● Required work
From the line containing "adidas Copa 18.1" to the final line of the material below, return every line exactly. Do not include pictures.

● Collected material

%%

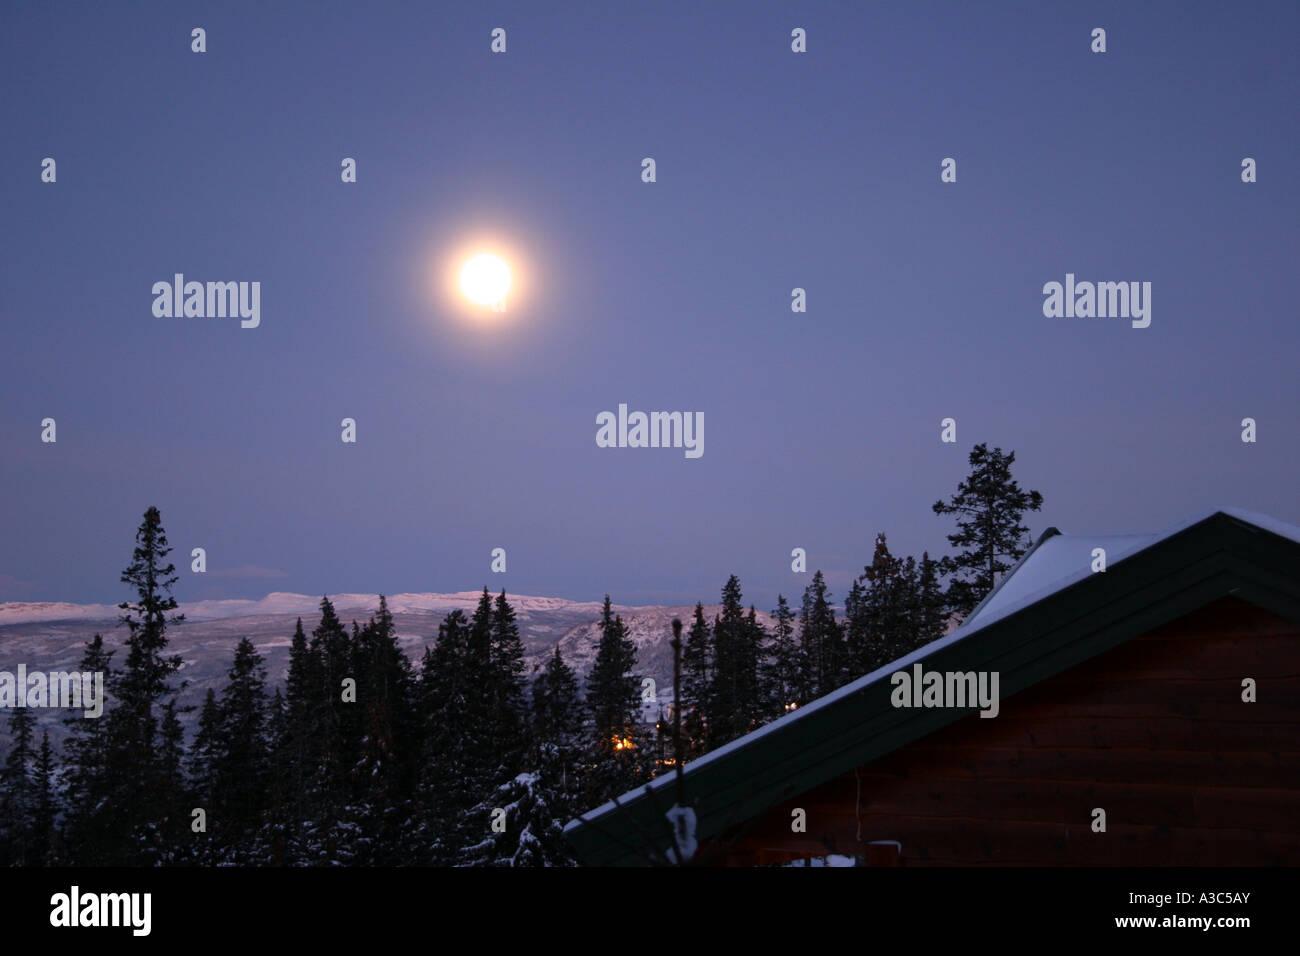 Moonshine in Lillehammer - Stock Image
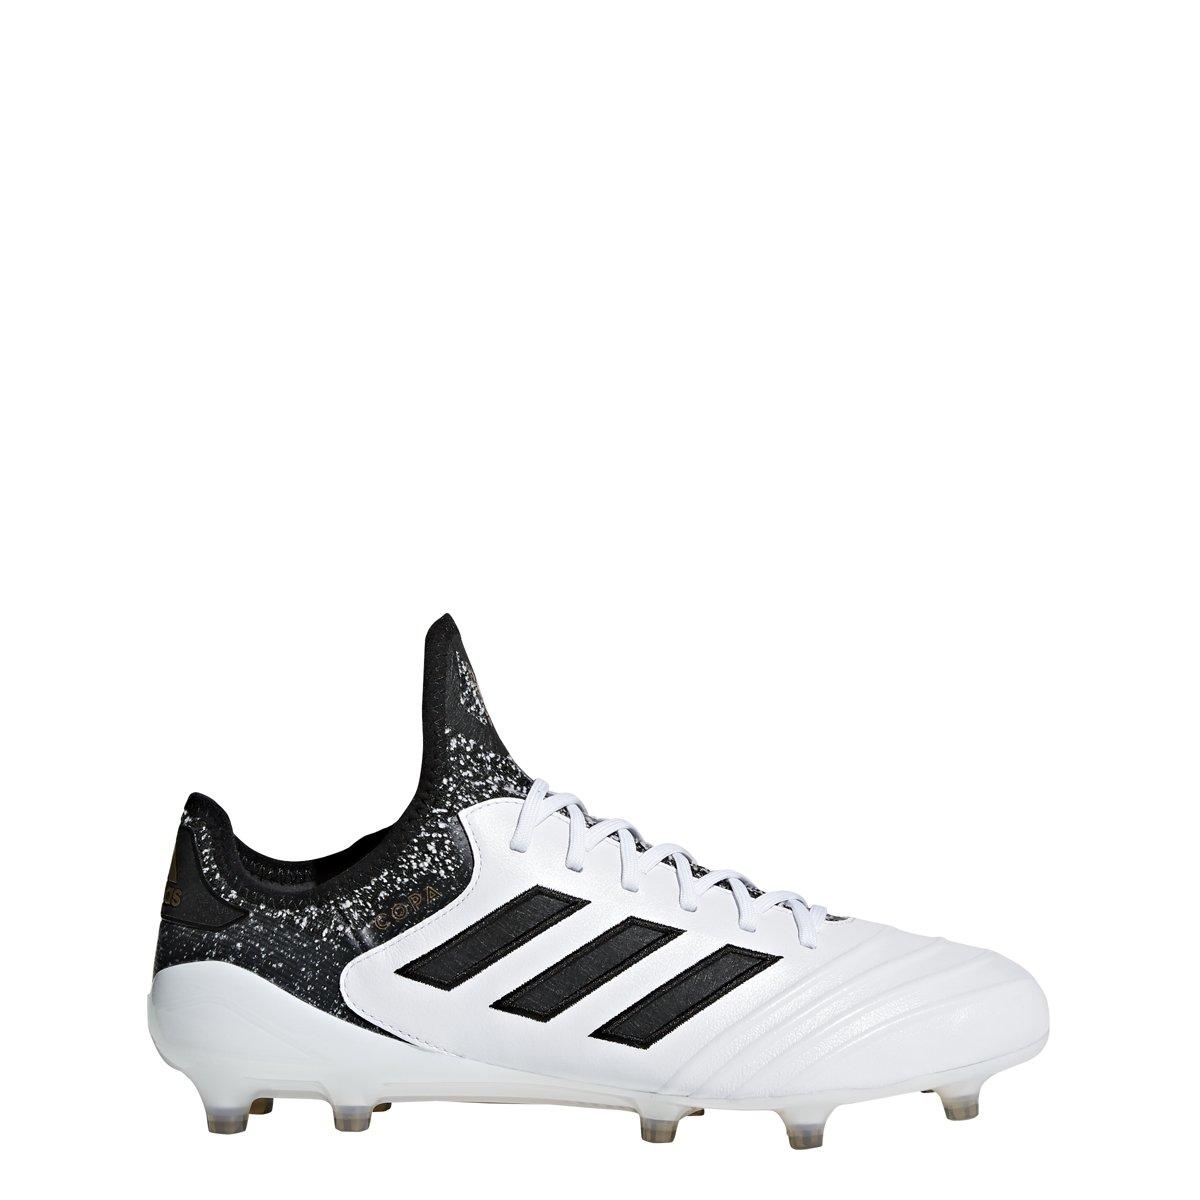 adidas Copa 18.1 FG Cleat Men's Soccer 8.5 White Core Black Tactile Gold Metallic
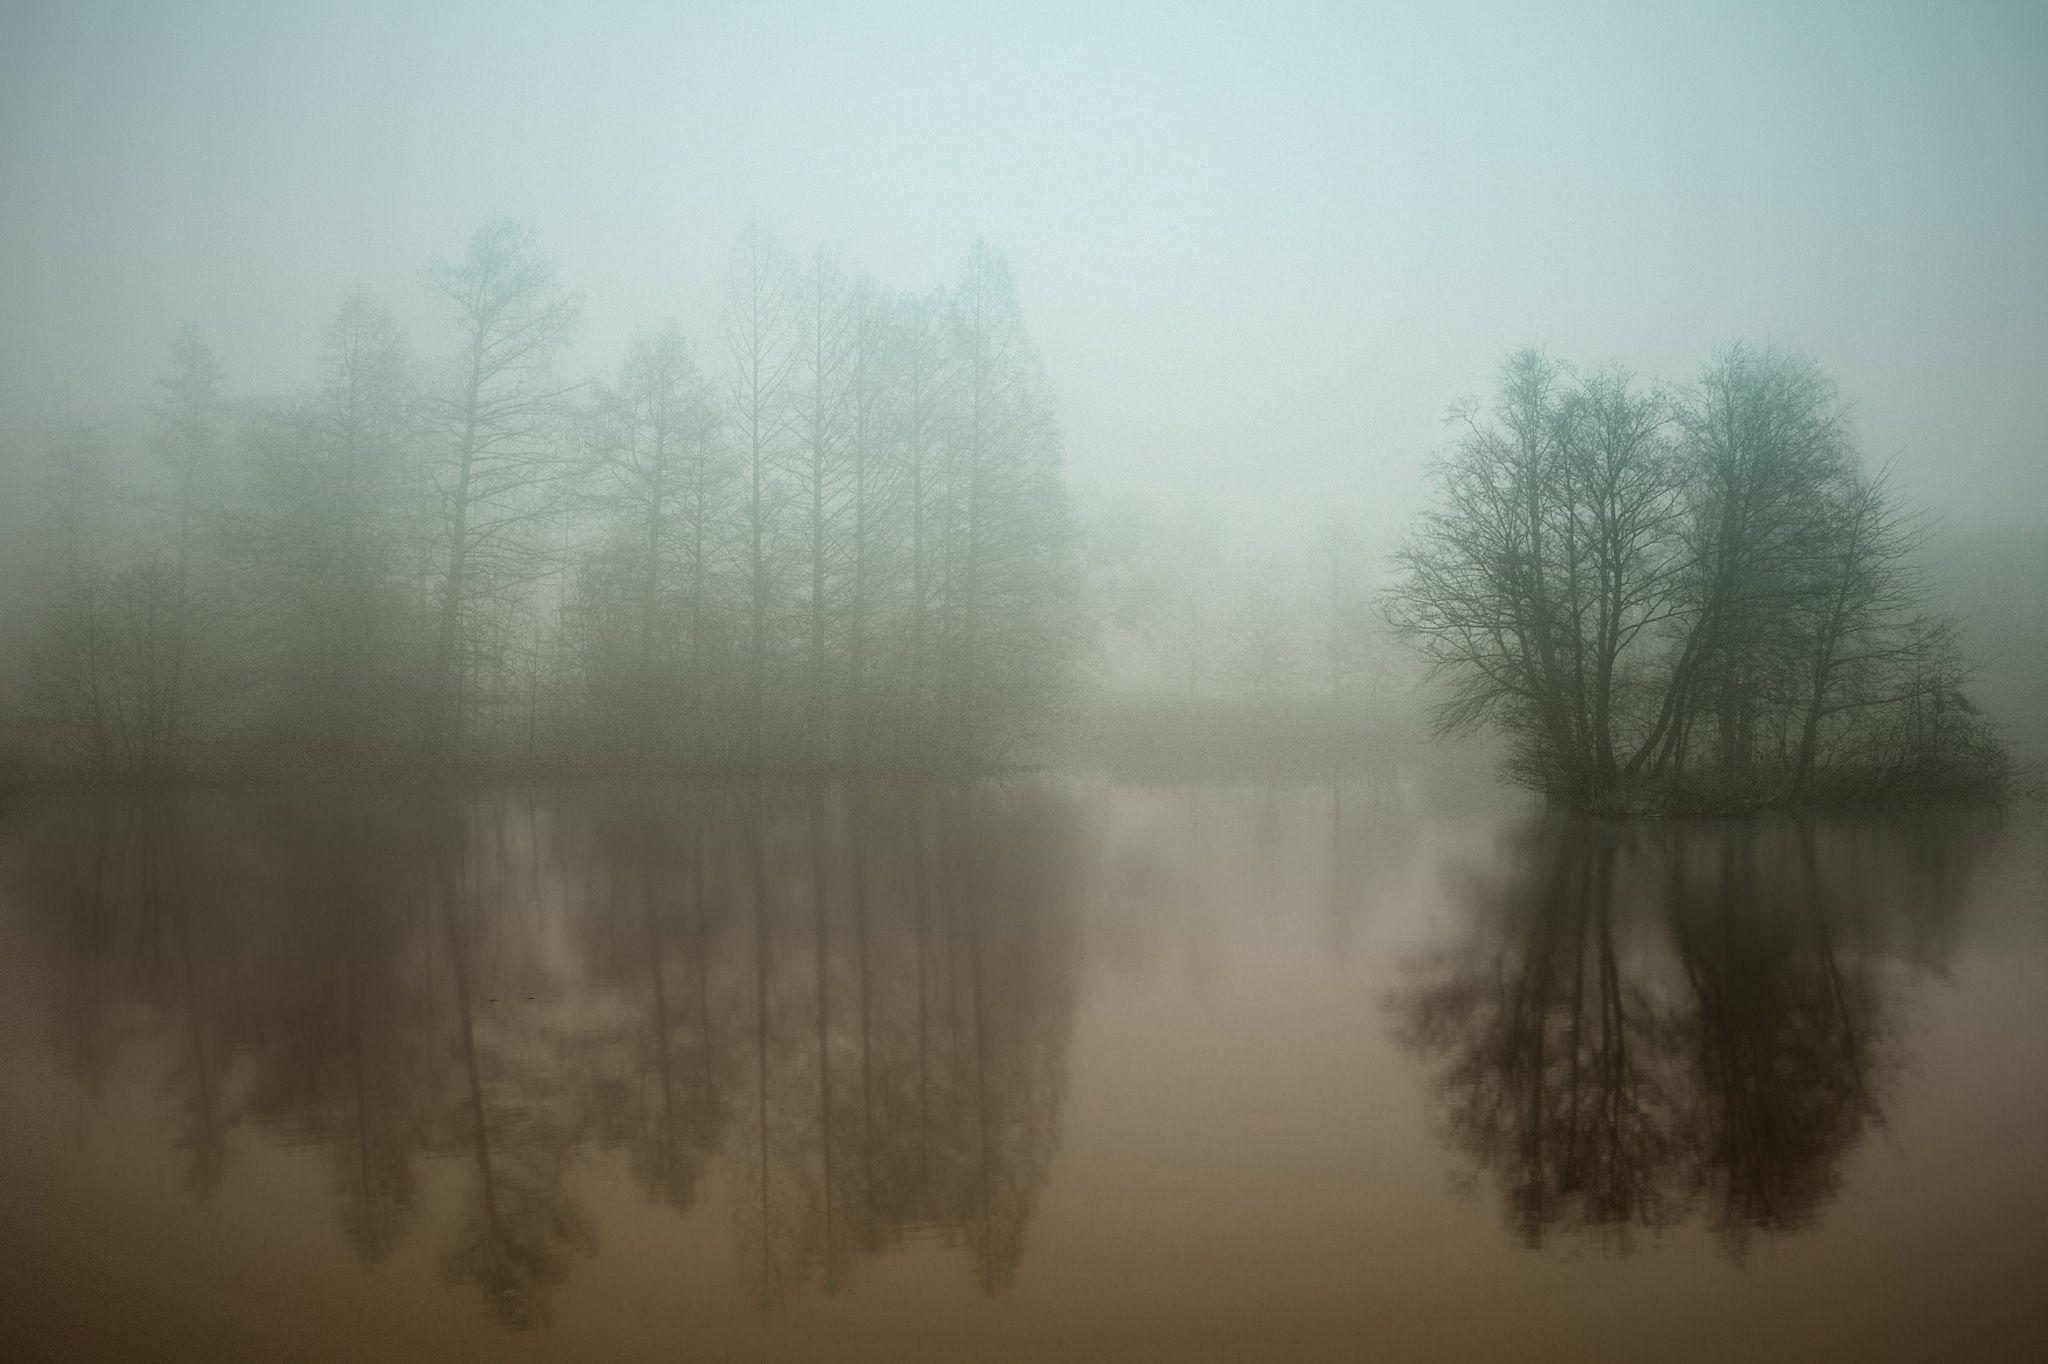 Winter elegy by Katalin Gerencsér on 500px

%%

● Solution to this exercise
 adidas Copa 18.1 FG Cleat Men's Soccer 8.5 White Core Black Tactile Gold Metallic
 Winter elegy by Katalin Gerencsér on 500px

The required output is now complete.